▶ [Problem to work on] Could you restate the data word for word and drop the pictures?

▶ [Exercise data]

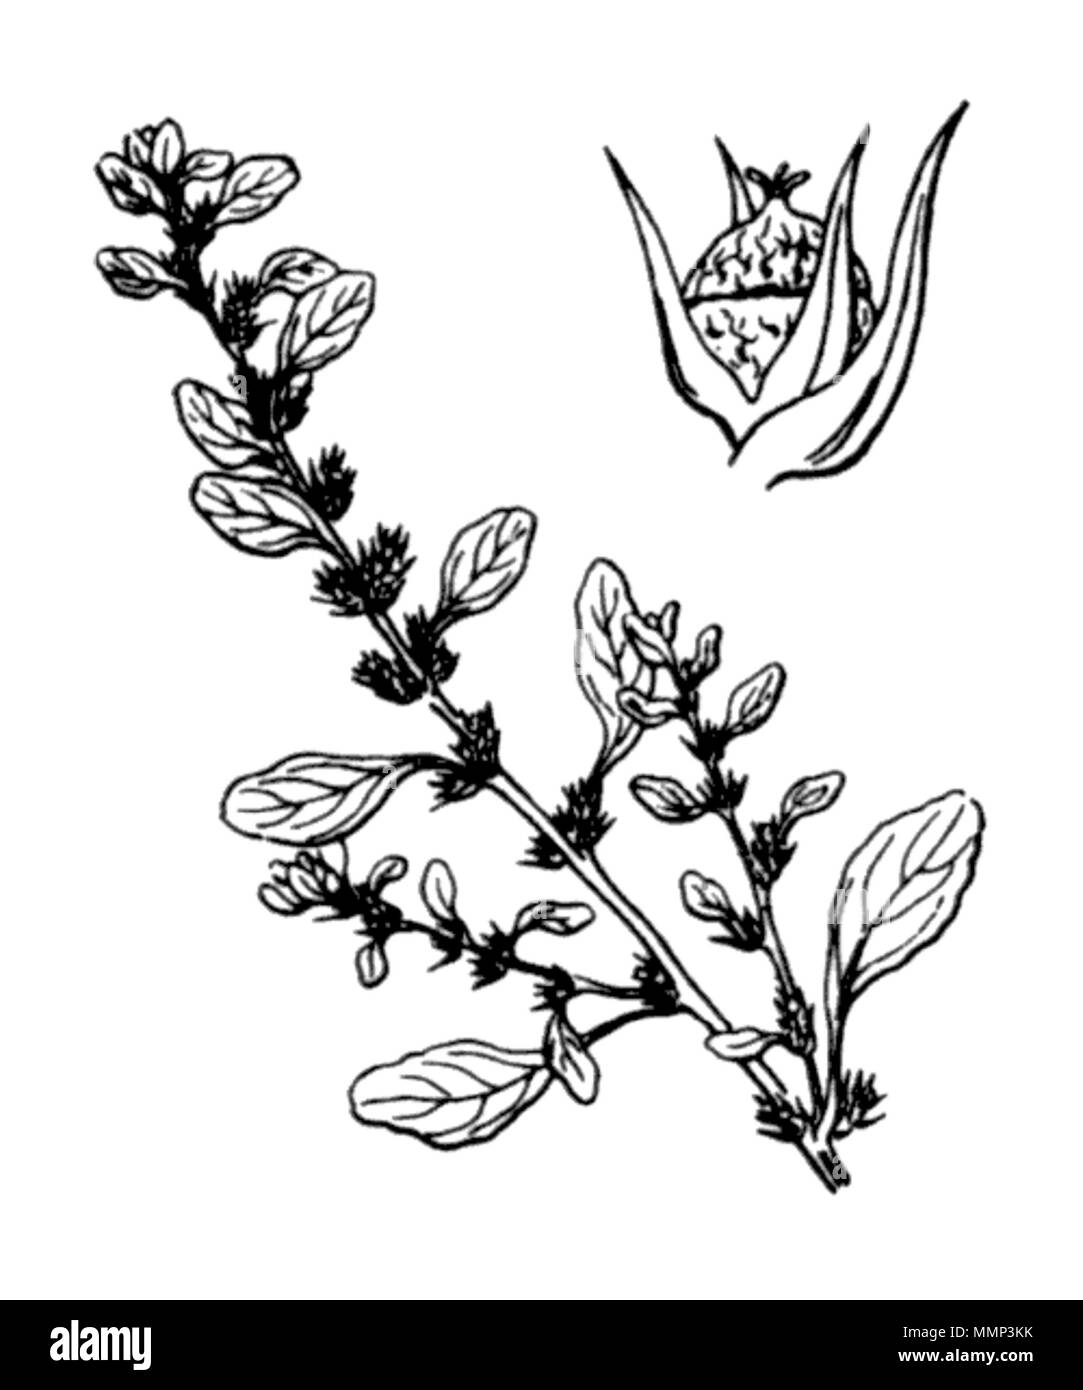 . English: (Gb)Prostate Pigweed, (Us)Tumble Pigweed (Amaranthus albus), an etching by Hippolyte Coste (1858-1924), Flore descriptive et illustrée de la France, de la Corse et des contrées limitrophes, published from 1900 to 1906 by Paul Klincksieck. Français : Amaranthe blanche (Amaranthus albus), gravure d'Hippolye Coste (1858-1924), Flore descriptive et illustrée de la France, de la Corse et des contrées limitrophes, publié de 1900 à 1906 aux éditions Paul Klincksieck. (Es)Bledo blanco, (It)Amaranto bianco, (Nl)Witte Amarant, (De)Weisser Fuchsschwanz 41 Amaranthus albus Coste 3067 Stock Photo
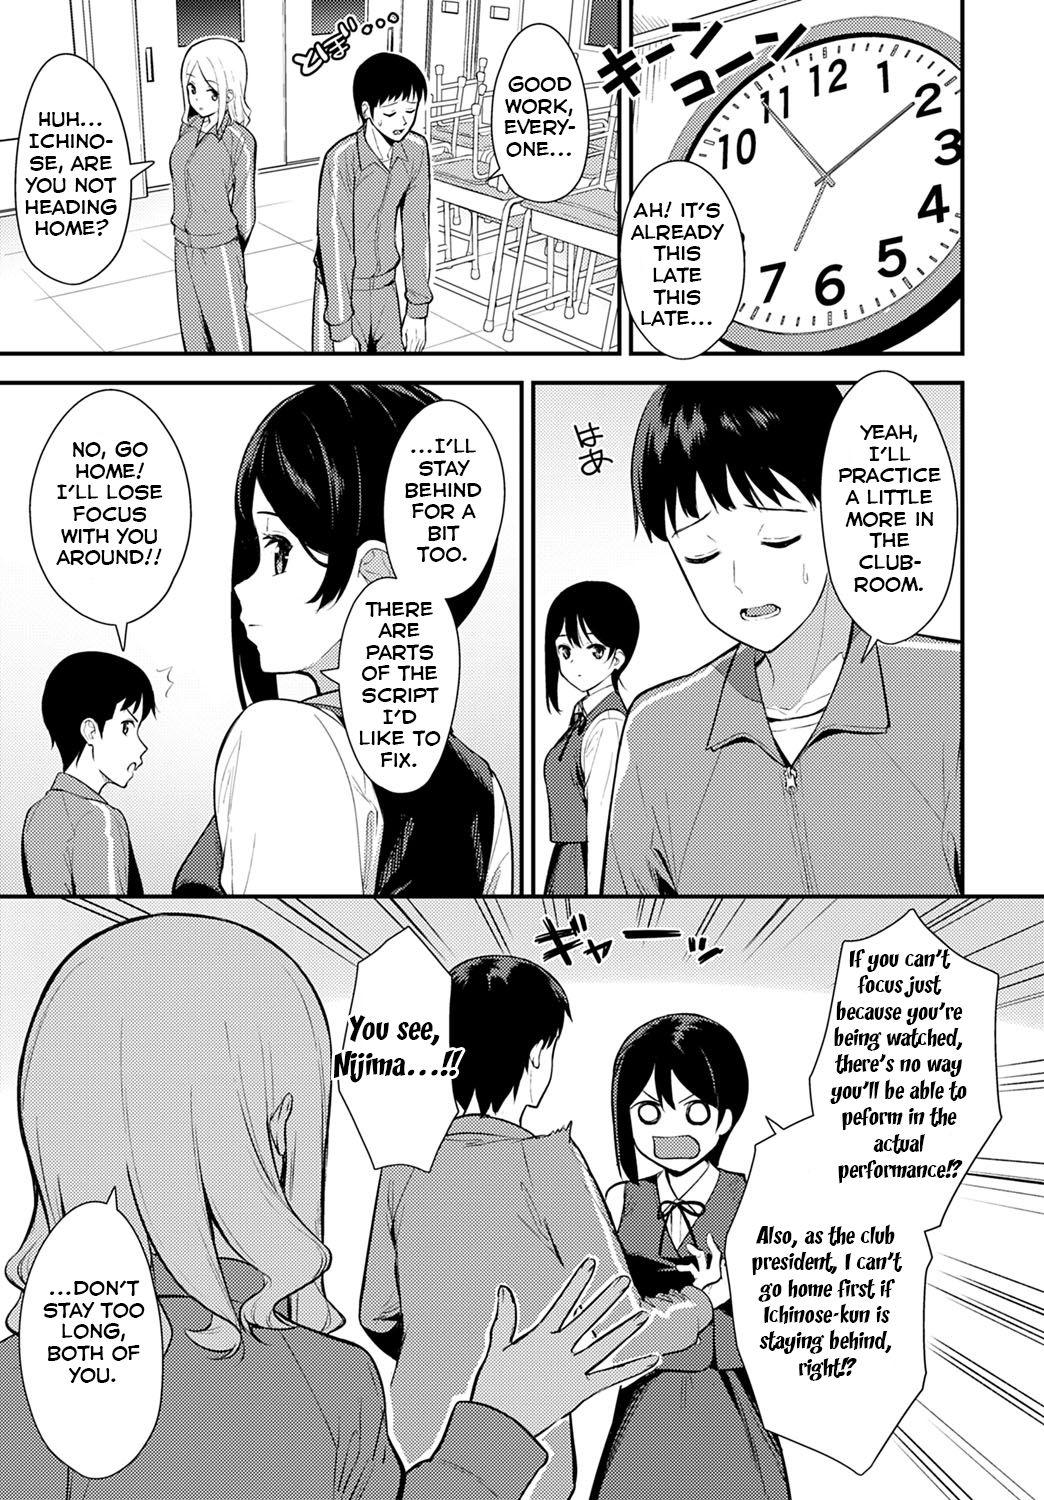 Boots Makuai Anime - Page 3
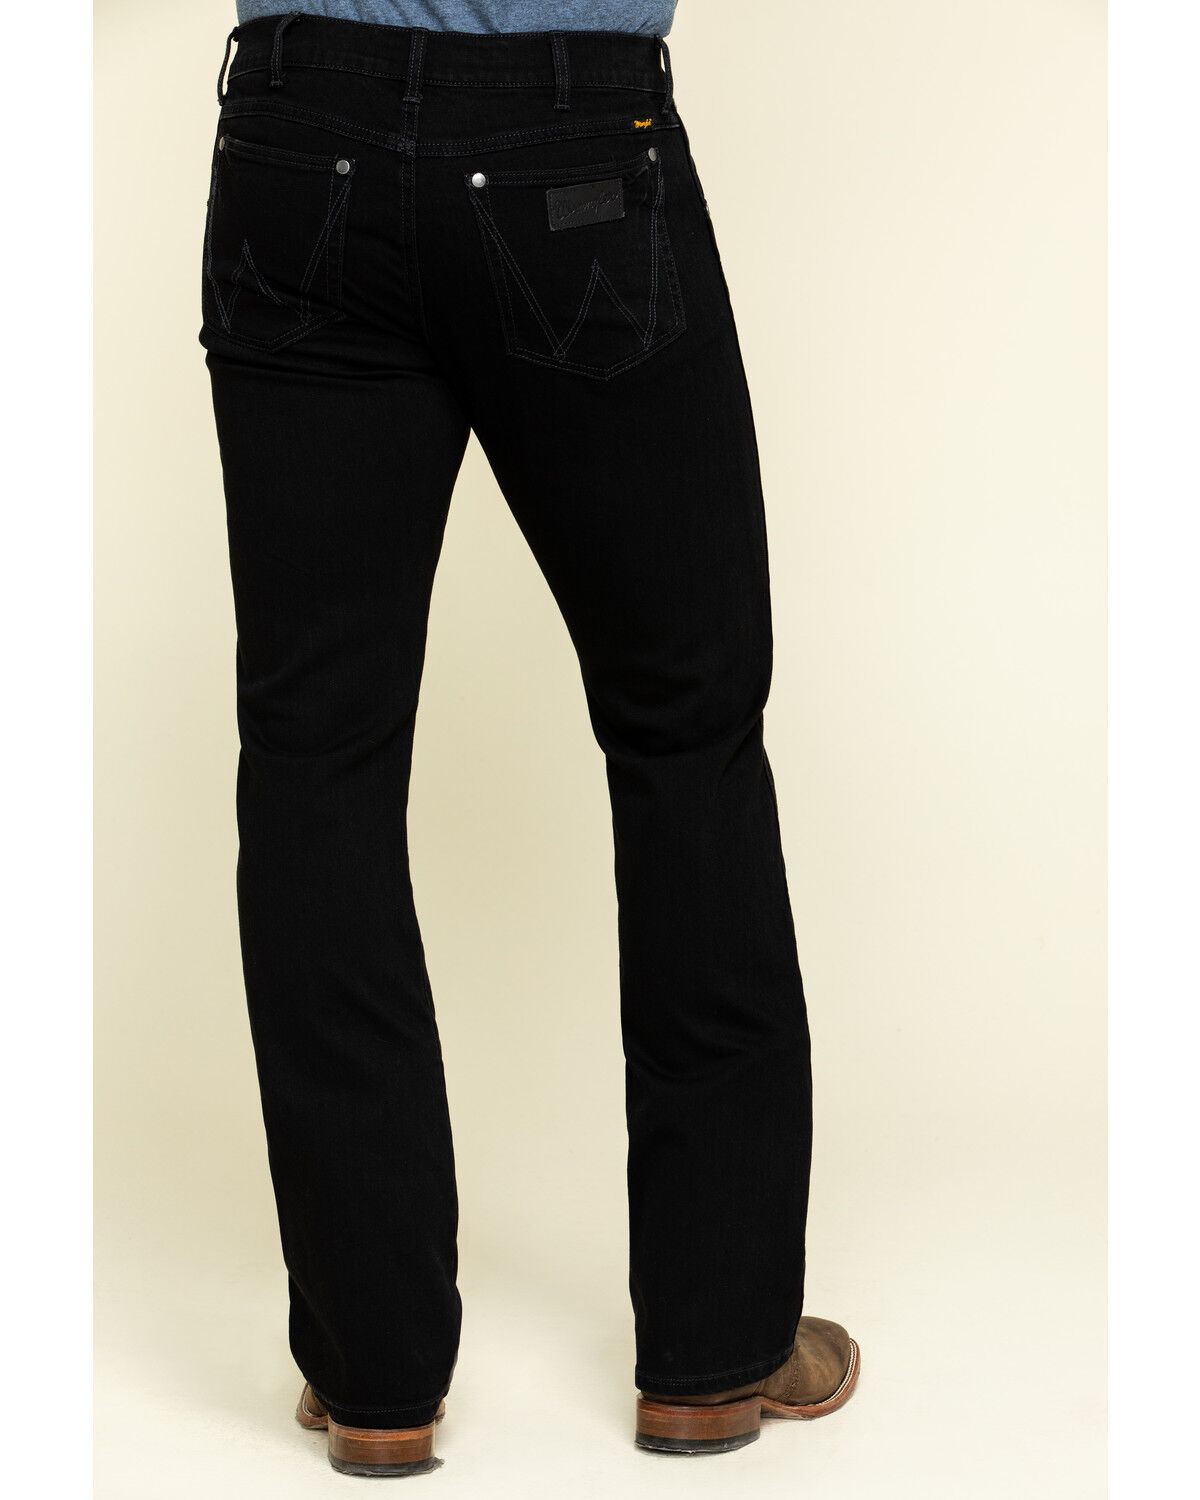 black wrangler retro jeans
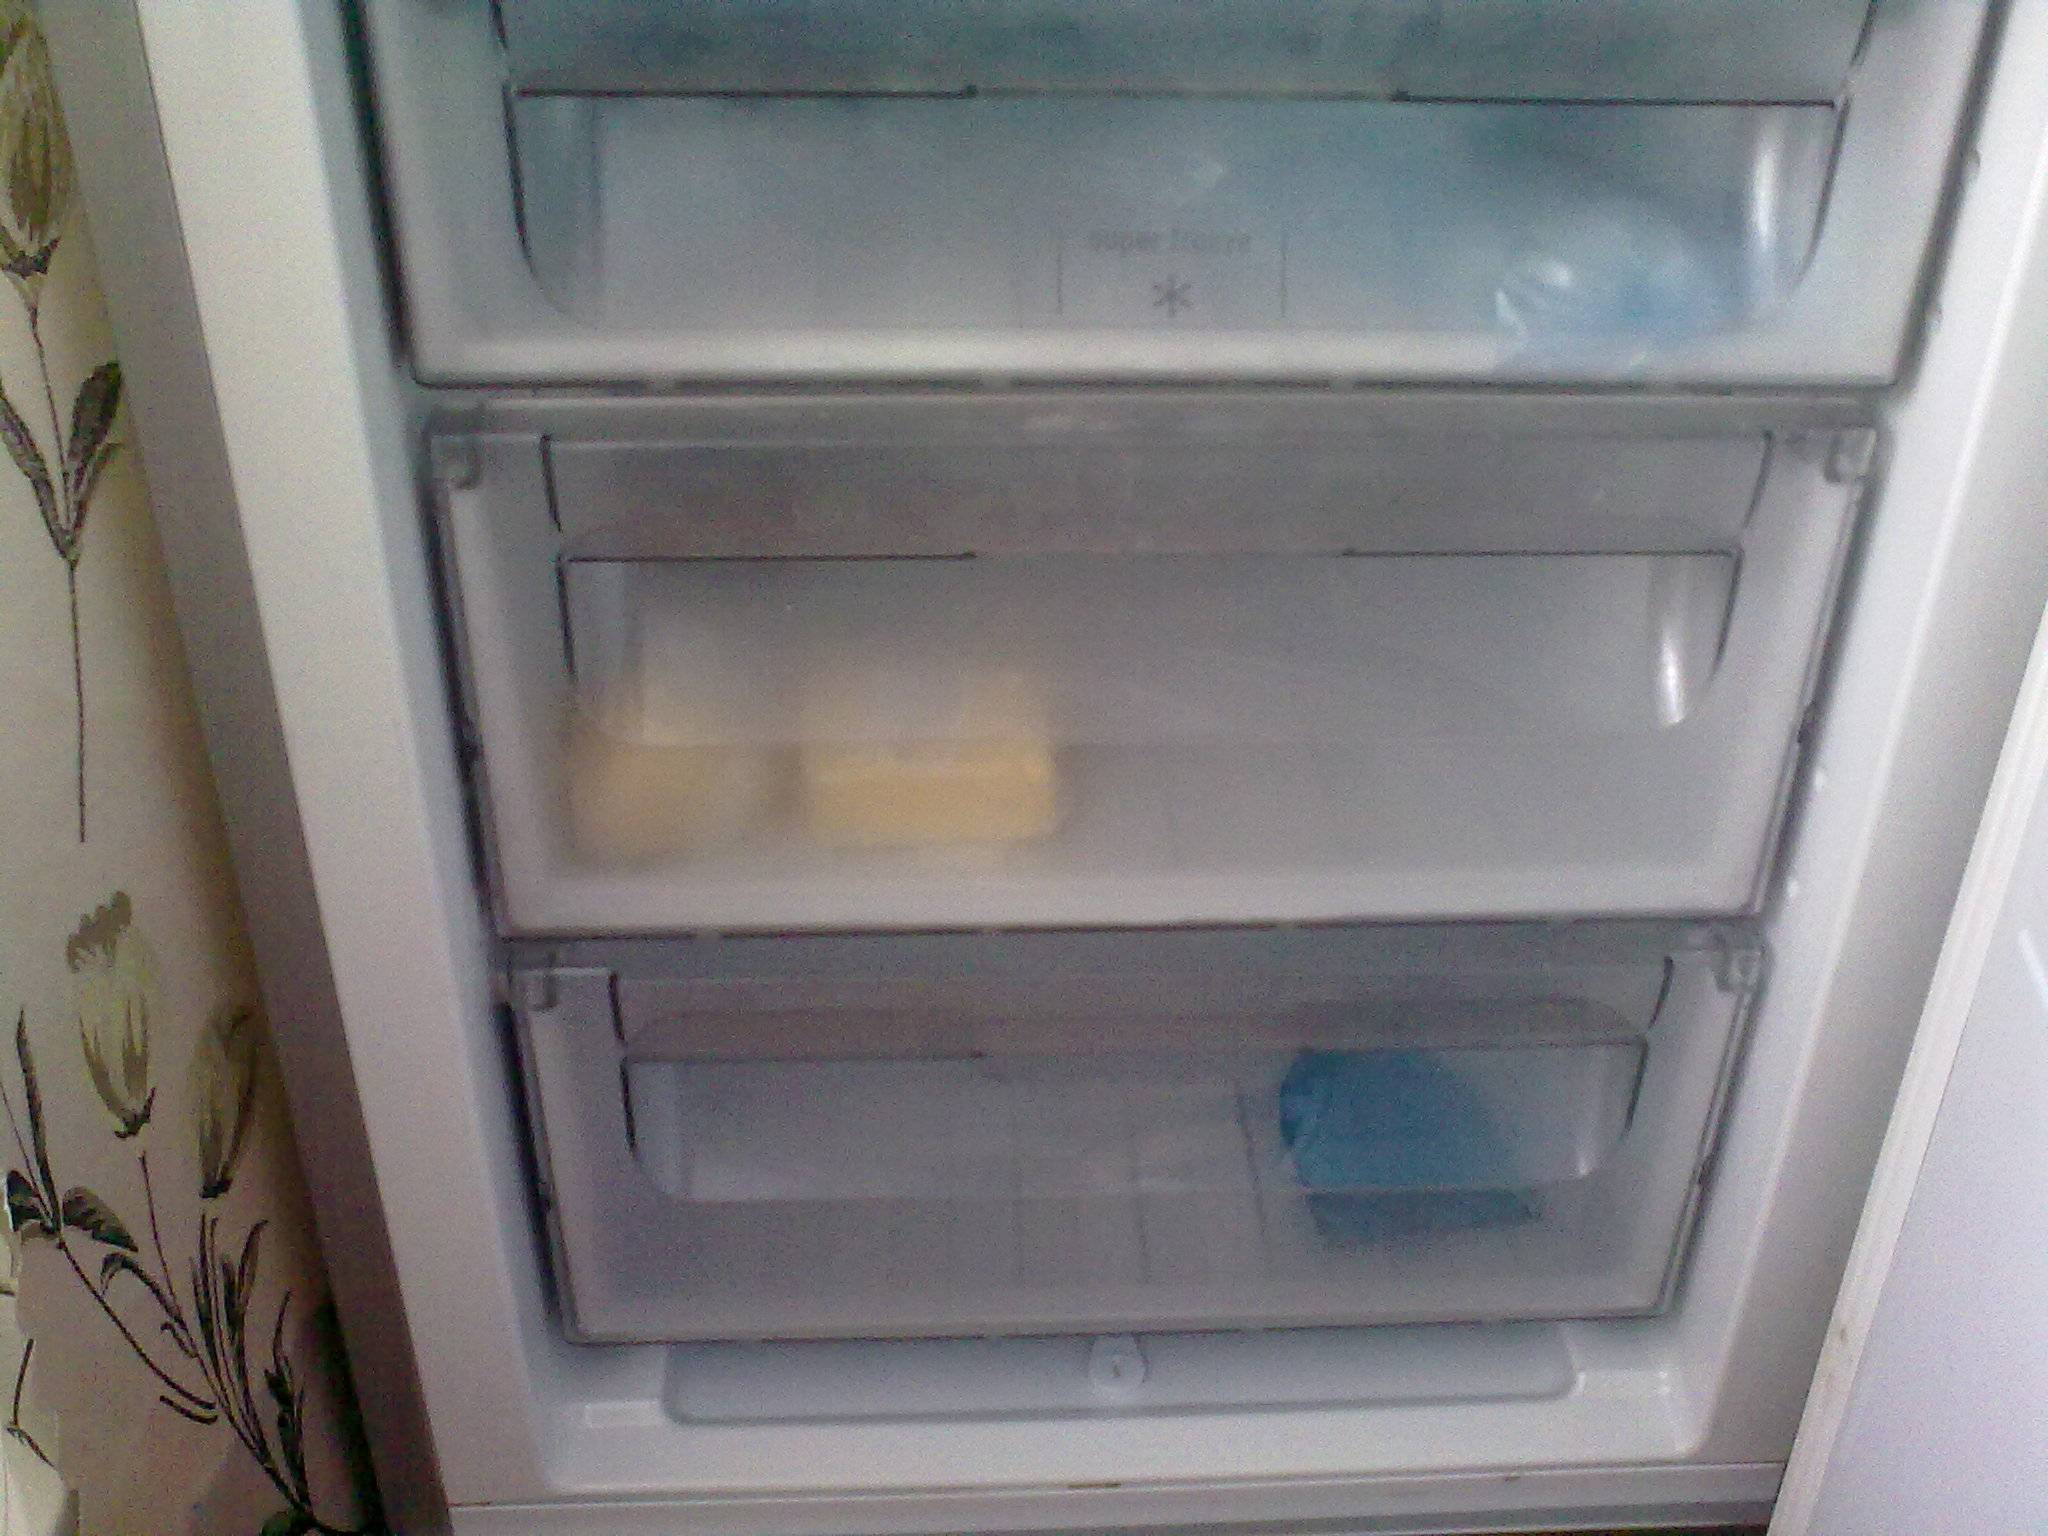 Не работает верхняя камера холодильника - причины, что делать

▶ [Problem solution]
 . English: (Gb)Prostate Pigweed, (Us)Tumble Pigweed (Amaranthus albus), an etching by Hippolyte Coste (1858-1924), Flore descriptive et illustrée de la France, de la Corse et des contrées limitrophes, published from 1900 to 1906 by Paul Klincksieck. Français : Amaranthe blanche (Amaranthus albus), gravure d'Hippolye Coste (1858-1924), Flore descriptive et illustrée de la France, de la Corse et des contrées limitrophes, publié de 1900 à 1906 aux éditions Paul Klincksieck. (Es)Bledo blanco, (It)Amaranto bianco, (Nl)Witte Amarant, (De)Weisser Fuchsschwanz 41 Amaranthus albus Coste 3067 Stock Photo
 Boots Makuai Anime - Page 3
 black wrangler retro jeans
 Не работает верхняя камера холодильника - причины, что делать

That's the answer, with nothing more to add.